Once the pictures are set aside, transcribe the remaining data exactly.

* _Data section_
◇ ◇ ◇ ◇ ◇
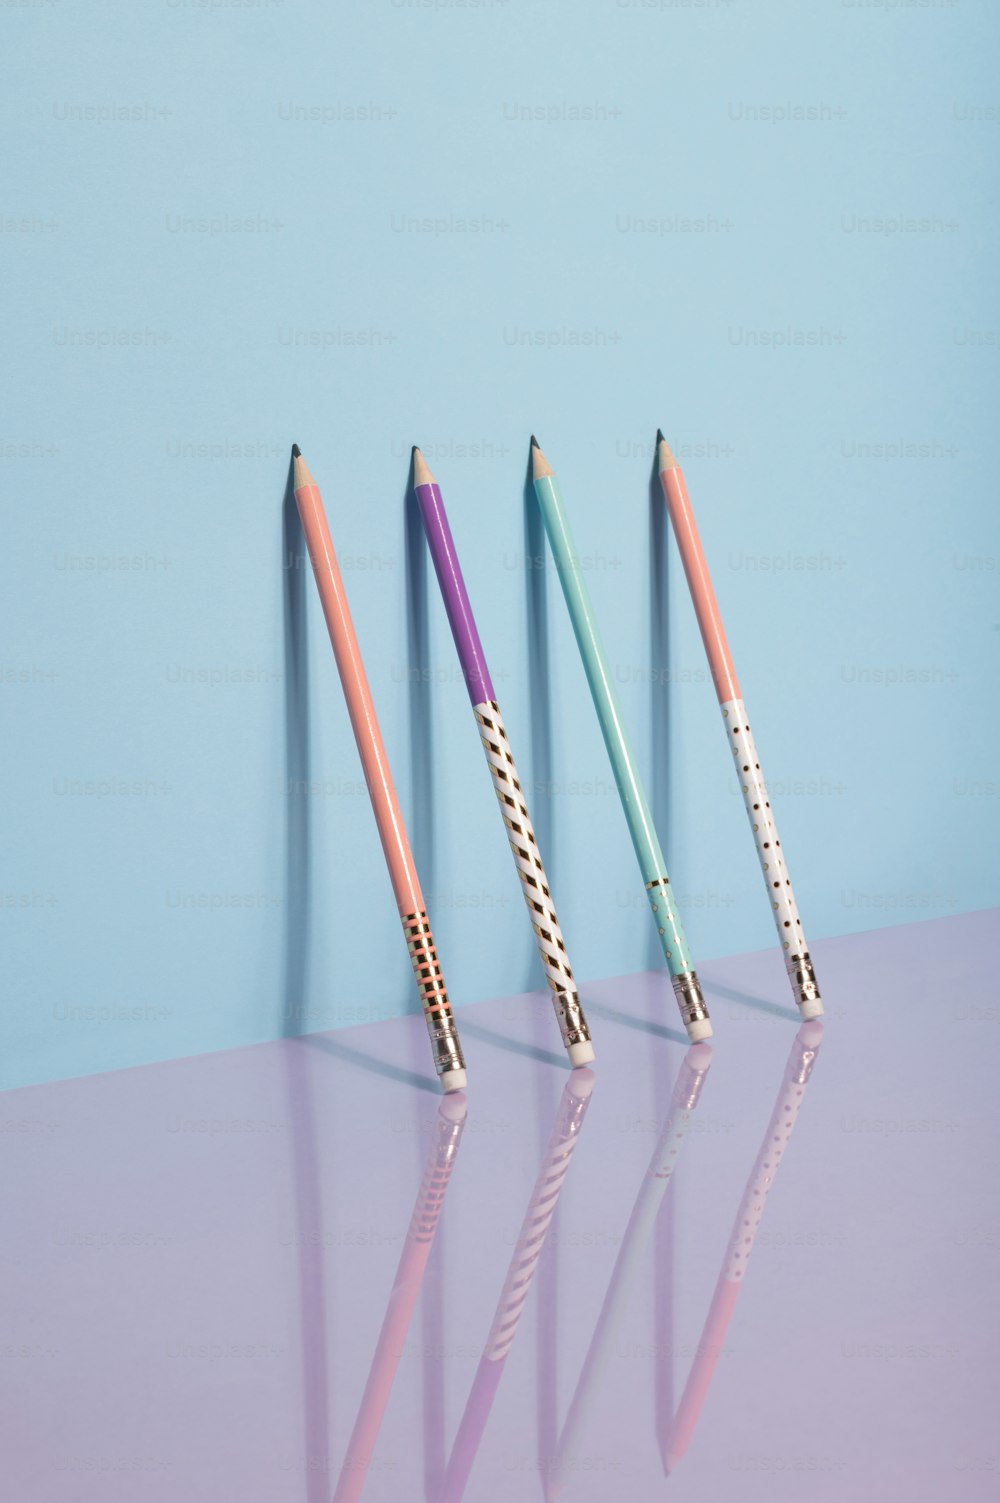 three different colored pencils are lined up in a row
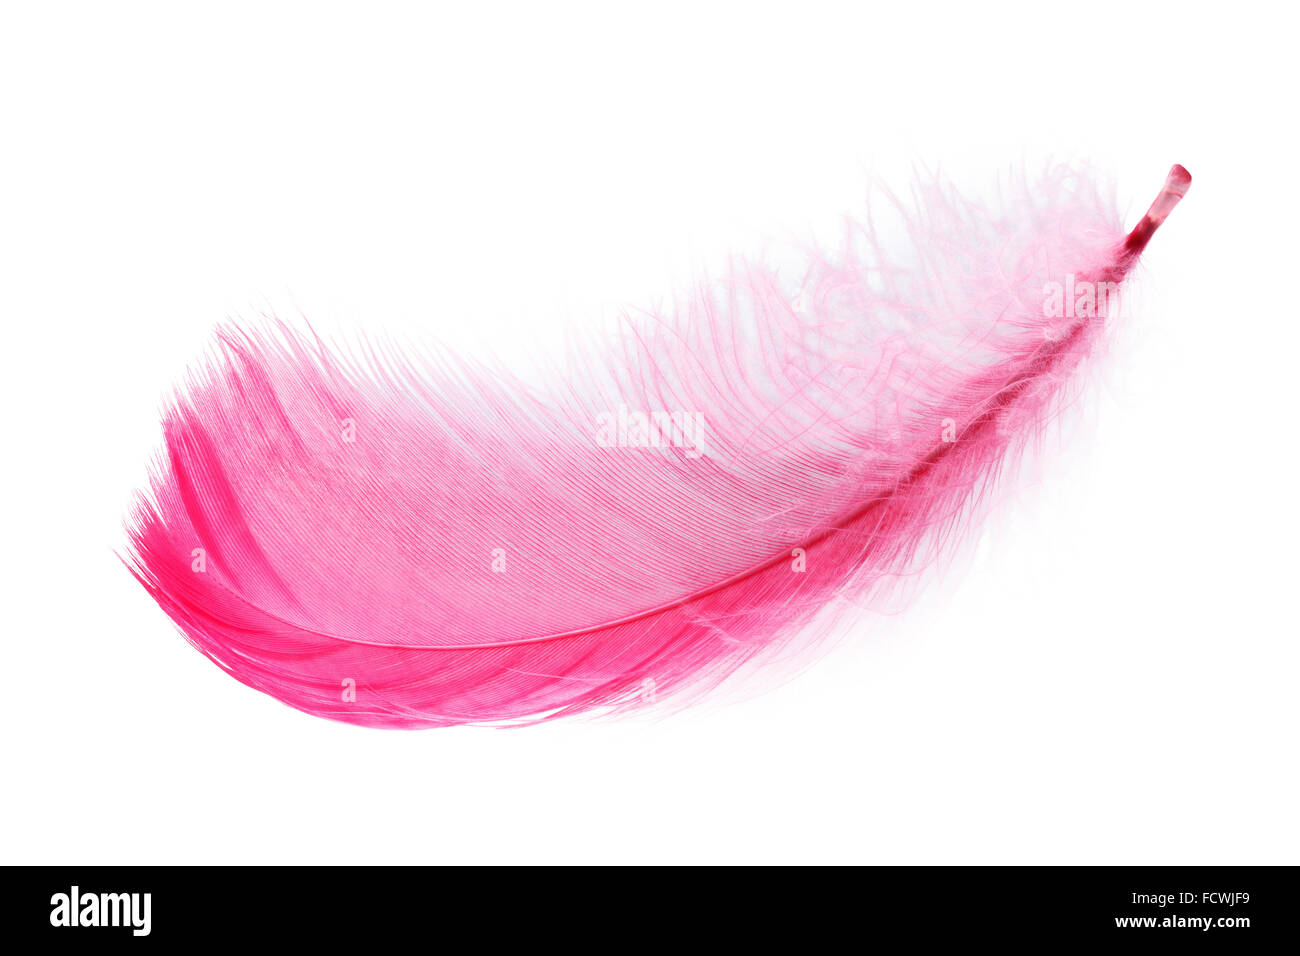 Pink feather over white background Stock Photo
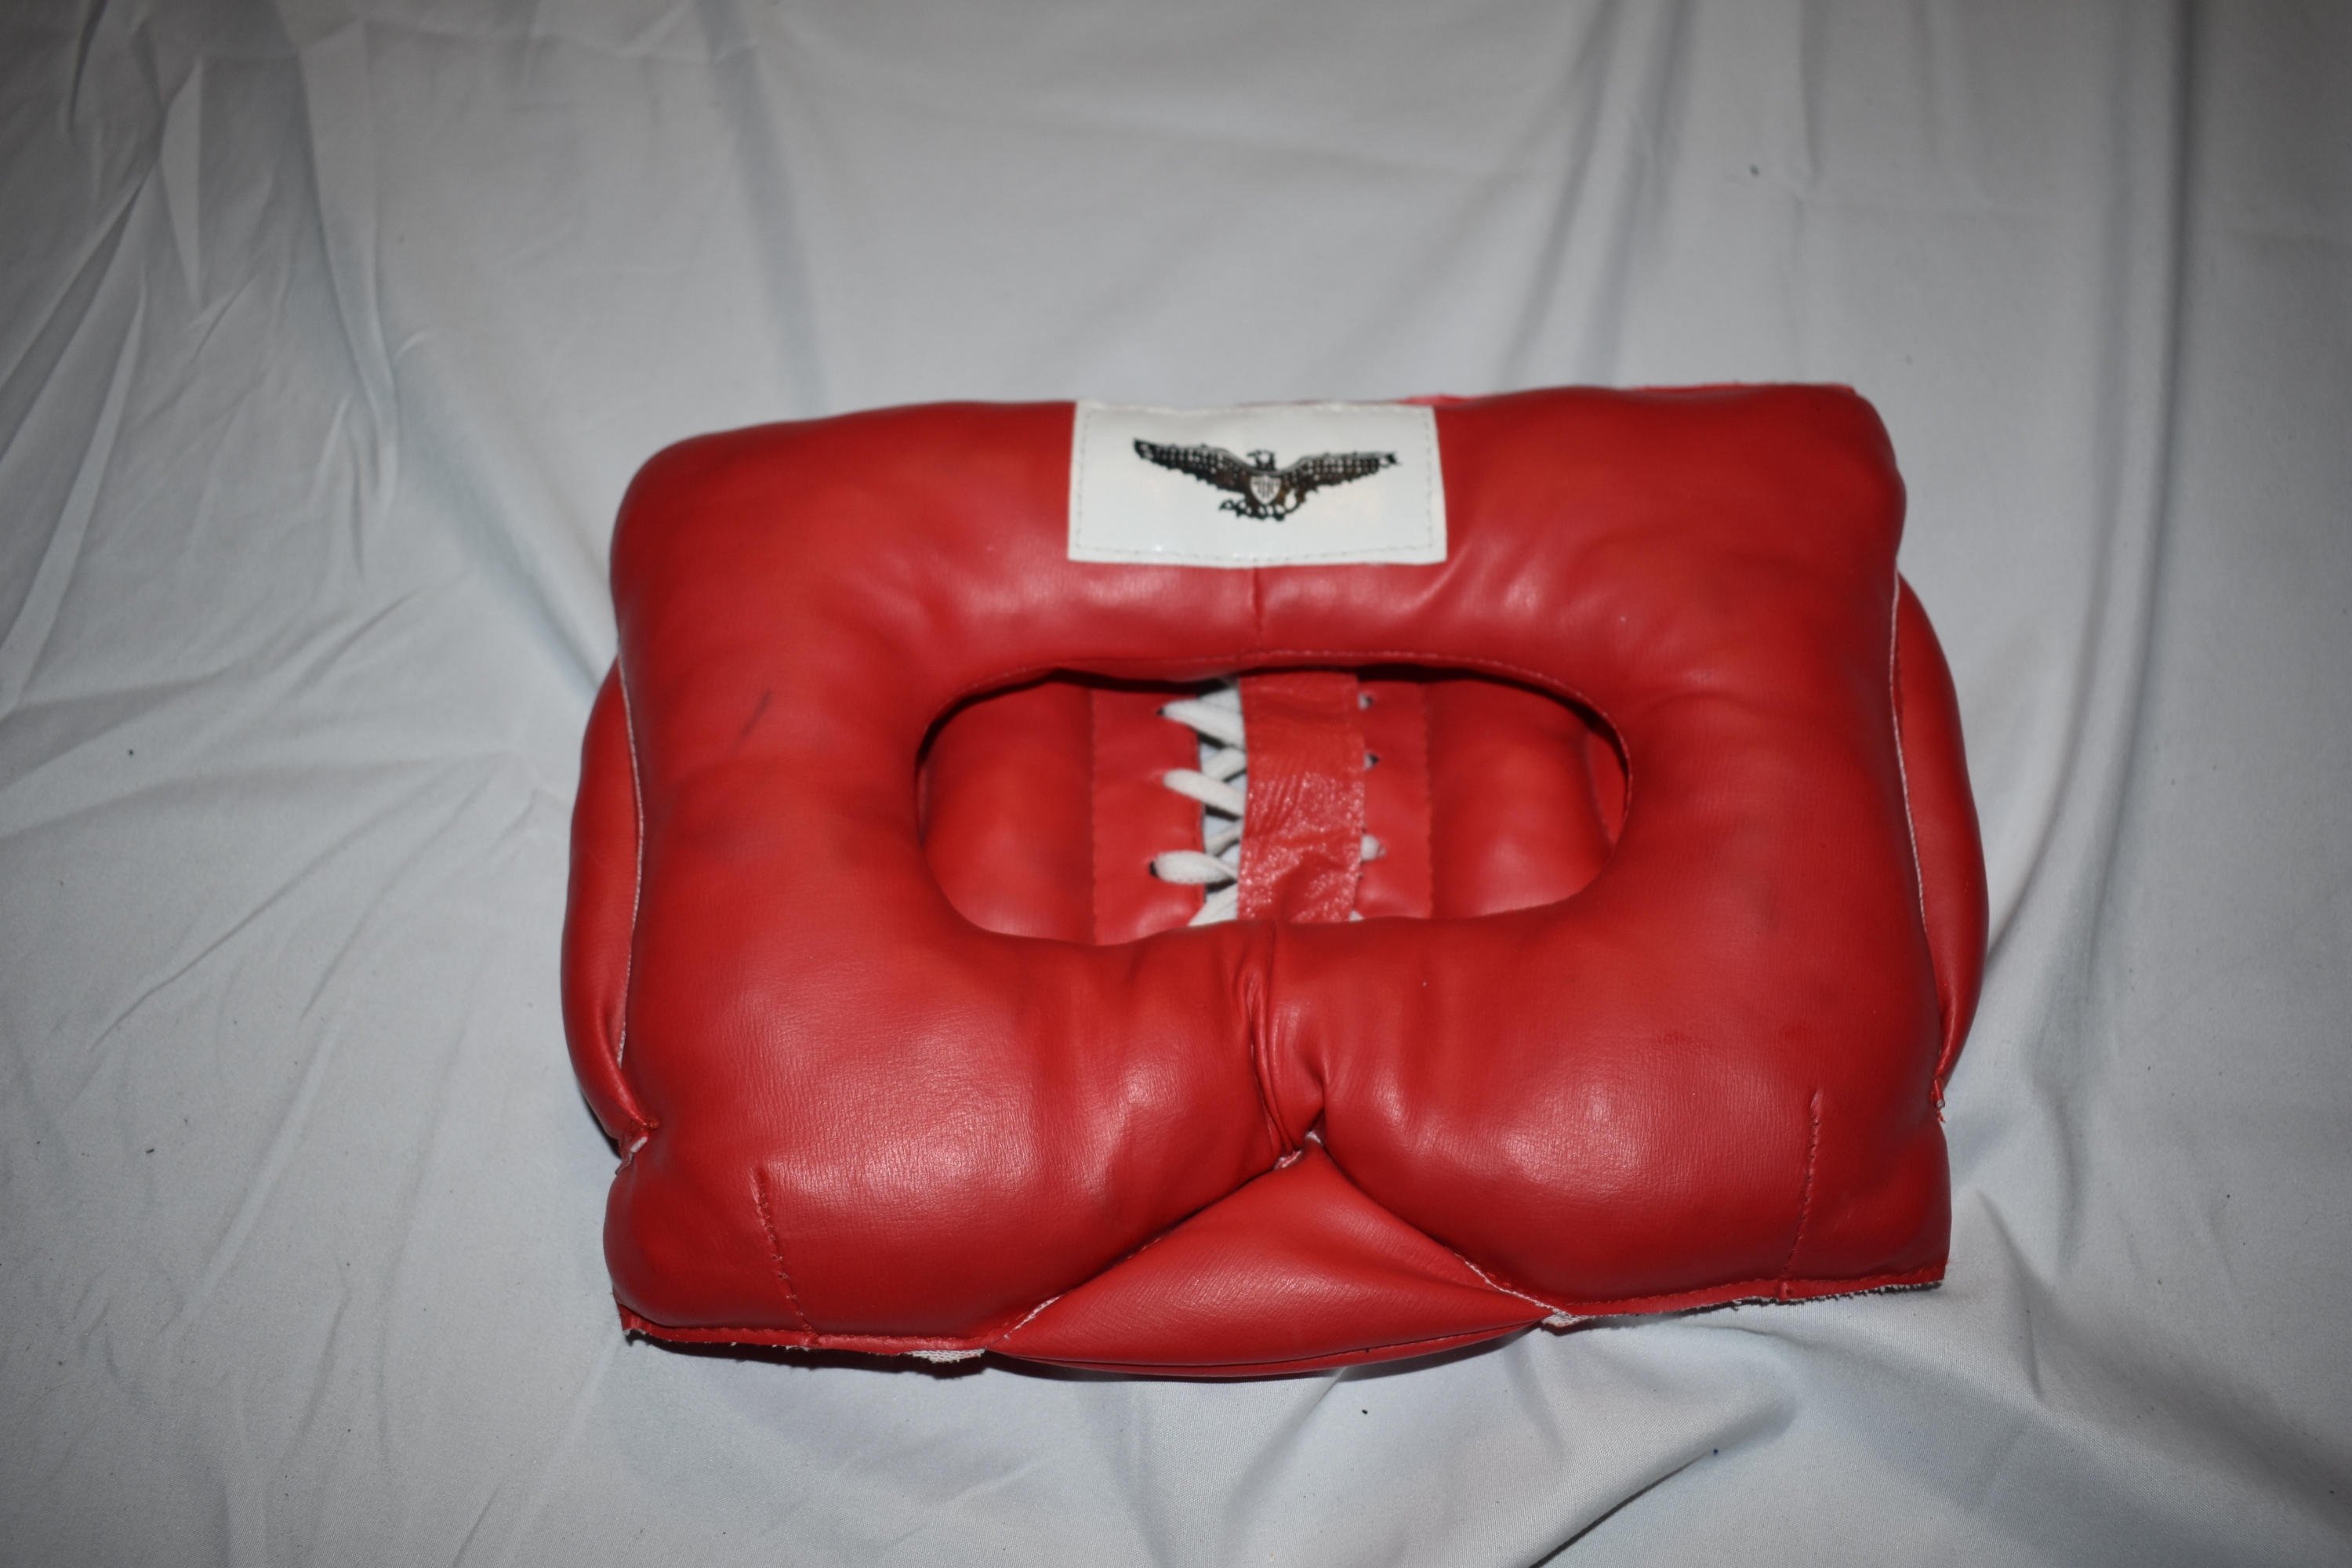 Sparring / MMA / Boxing Head Protection, Red, Large
◇ ◇ ◇ ◇ ◇
* _Response to the task_
 three different colored pencils are lined up in a row
 Pink feather over white background Stock Photo
 Sparring / MMA / Boxing Head Protection, Red, Large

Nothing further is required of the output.